January 14th is National Hot Pastrami Sandwich Day. (National Reuben Sandwich Day is March 14th.)
The classic Jewish deli pastrami sandwich came to New York City with Romanian-Jewish immigrants in the latter half of the 19th century.
Pastrami is spicy cured brisket of beef. The brisket is salt-brined, seasoned with herbs and spices, and hot smoked.
The typical pastrami spice-and-seasoning blend includes coriander seeds, dark brown sugar, granulated garlic, ground black pepper, ground cloves, kosher salt, smoked paprika and yellow mustard seeds.
The spiced, smoked pastrami is then chilled and steamed (it is often kept warm on a steam table). In New York, it is thinly sliced (sometimes medium, but never thick) and served warm on caraway-seeded rye bread with a pot of brown deli mustard, accompanied by dill pickles and coleslaw.
Deli mustard, by the way, is an American invention made from coarsely ground mustard seeds. It should have a hint of horseradish. The combination is the perfect accent to fatty pastrami and corned beef—and is delicious on ham, roast beef, turkey and everything else.
In New York, the drink of choice is a can of Dr. Brown’s Black Cherry, Cel-Ray or Cream Soda, regular or diet (we wouldn’t turn down a good beer).
The name pastrami comes from Romanian pastramă, a derivation of a word that means to conserve food.
Pastrami came to the U.S. with a wave of Jewish immigration from Bessarabia and Romania, in the second half of the 19th century. The word modification “pastrami” likely occurred then.
In the Old Country, Jewish Romanians commonly used goose breasts were to make into pastrami; they were inexpensive.
But in the U.S., beef navel was cheaper than goose, so the Romanian Jewish immigrants adapted their recipe and began to make beef pastrami.
New York’s Sussman Volk is generally credited with creating the first pastrami sandwich, in 1887.
Volk, a kosher butcher and immigrant from Lithuania, claimed he got the recipe from a Romanian friend in exchange for storing the friend’s luggage.
According to his descendant, Patricia Volk, he sold the pastrami on sandwiches at his butcher shop.
The sandwich was so popular that Volk converted the butcher shop into a restaurant to sell pastrami sandwiches [source].
As pastrami traveled to different cities, it was “adapted”—to the horror of a New York deli purist—to include Italian rolls, soft rolls giardiniera, even (gasp!) marinara sauce and mayonnaise.

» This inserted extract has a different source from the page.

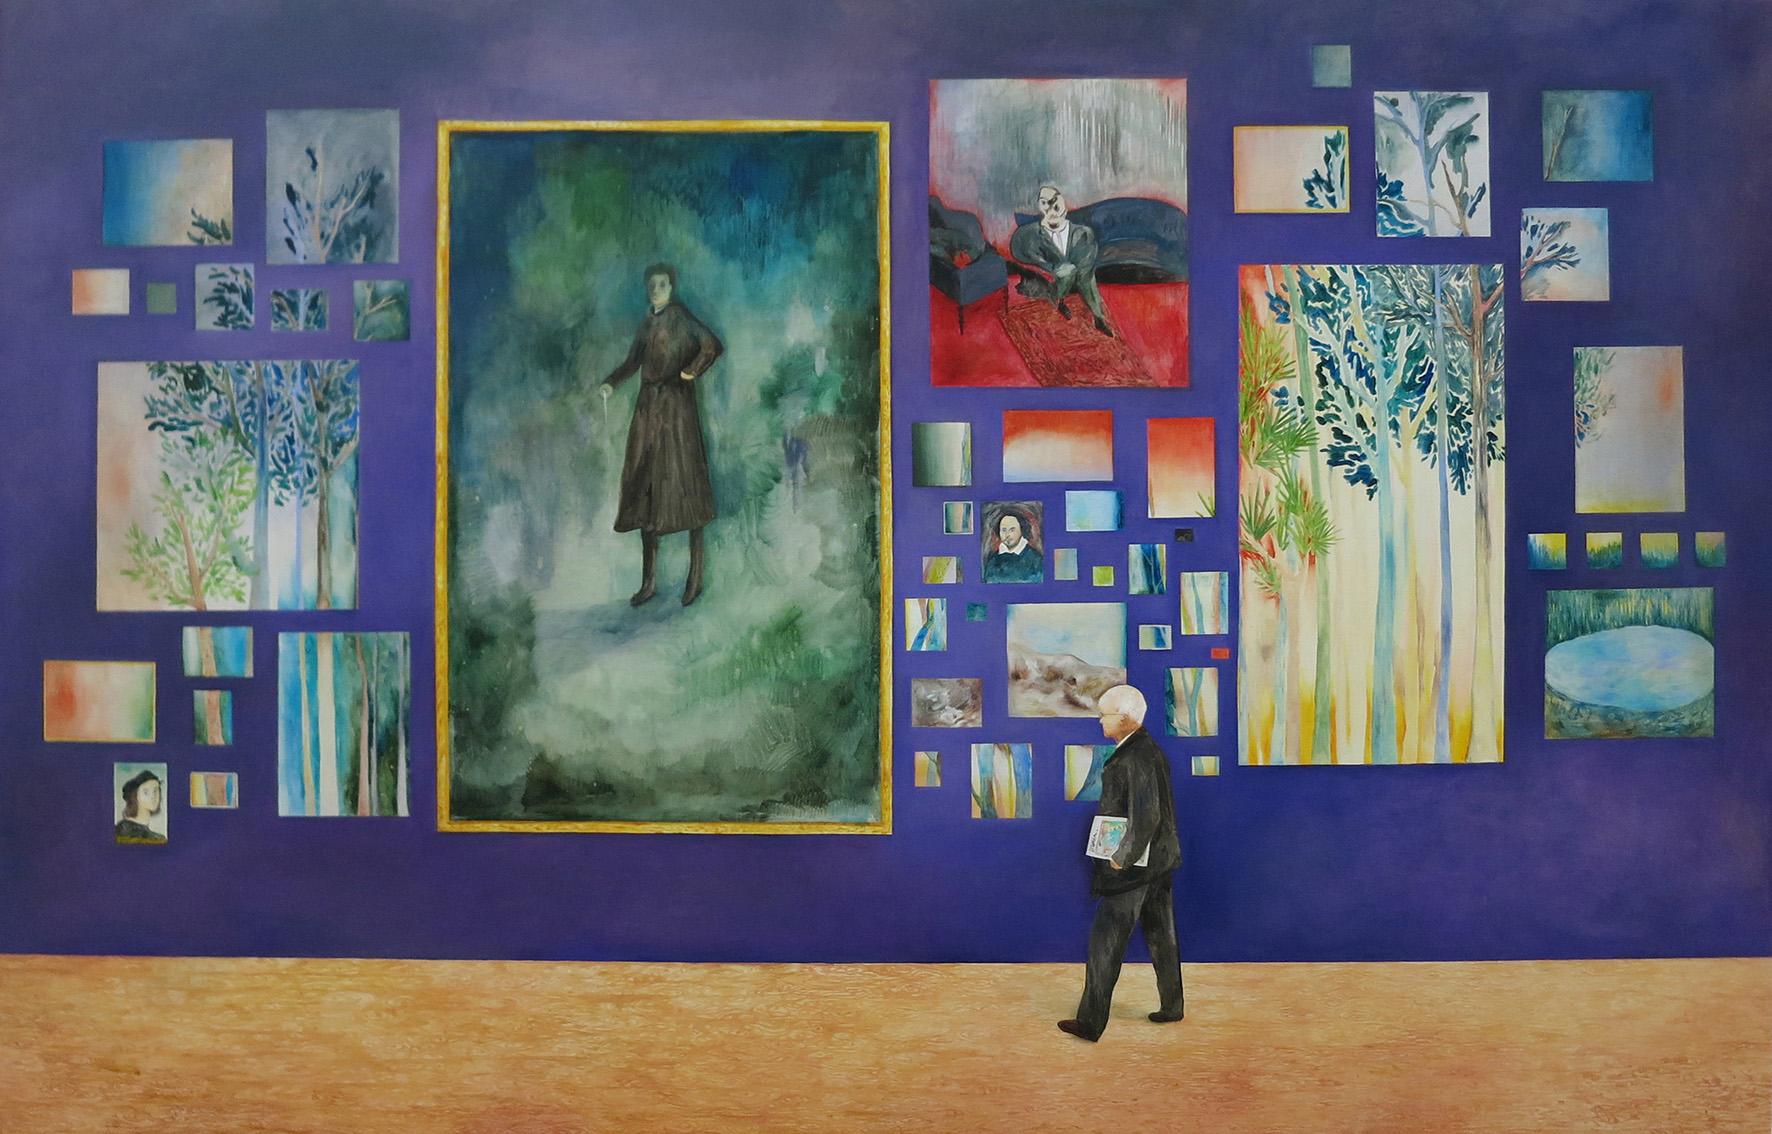 紫色的牆 The Purple Wall

The Kansas-style brisket with barbecue sauce was added to the list.
These versions are what Jewish New Yorkers call “goyishem,” meaning “in the manner or style of a non-Jewish person.”
For the sake of our mother, grandmother, and every other cook in our line, we offer some modern yiddishe enhancements, “in the manner or style of Jewish foodies.”
You can get creative with a pastrami sandwich without violating any Geneva Food Convention. You can add or substitute without abusing the New York pastrami tradition.
We mean, you can modernize it. We’re not talking wasabi mustard, pickled jalapeños or pesto, just some logical extensions, some borrowed from the Reuben (see below).
Our favorite: pastrami on rye or pumpernickel with melted gruyere and caramelized onions. Plus the deli mustard and sides of pickles and coleslaw.
Alas, our taste buds can’t go so far as pastrami on a baguette or any crunchy or flavored roll. Not even brioche.
A Reuben sandwich is an enhanced corned beef sandwich, grilled or toasted on rye or pumpernickel with generous amounts of corned beef, sauerkraut, Swiss cheese and either Russian or Thousand Island dressing.
When customers asked for it with pastrami instead of corned beef, it was christened (as it were) the Rachel sandwich (this was long before the Rachel haircut).
There are other Reuben variations, for example substituting turkey and coleslaw for pastrami and sauerkraut.
The Reuben sandwich dates to the late 1920s, but no one can solve the hotly-contested origin.
Most evidence points to Reuben Kulakofsky, a Lithuanian-born grocer and resident of Omaha, Nebraska who created the now-classic sandwich for his poker pals who had a regular poker game at the Blackstone Hotel. The hotel owner liked it so much he put it on the menu.
Native New Yorkers firmly believe that credit goes to Arnold Reuben, owner of a deli on 58th Street between Madison and Park Avenues, in 1928. But either way, you can celebrate National Pastrami Sandwich day and think of them when as you enjoy a Rachel.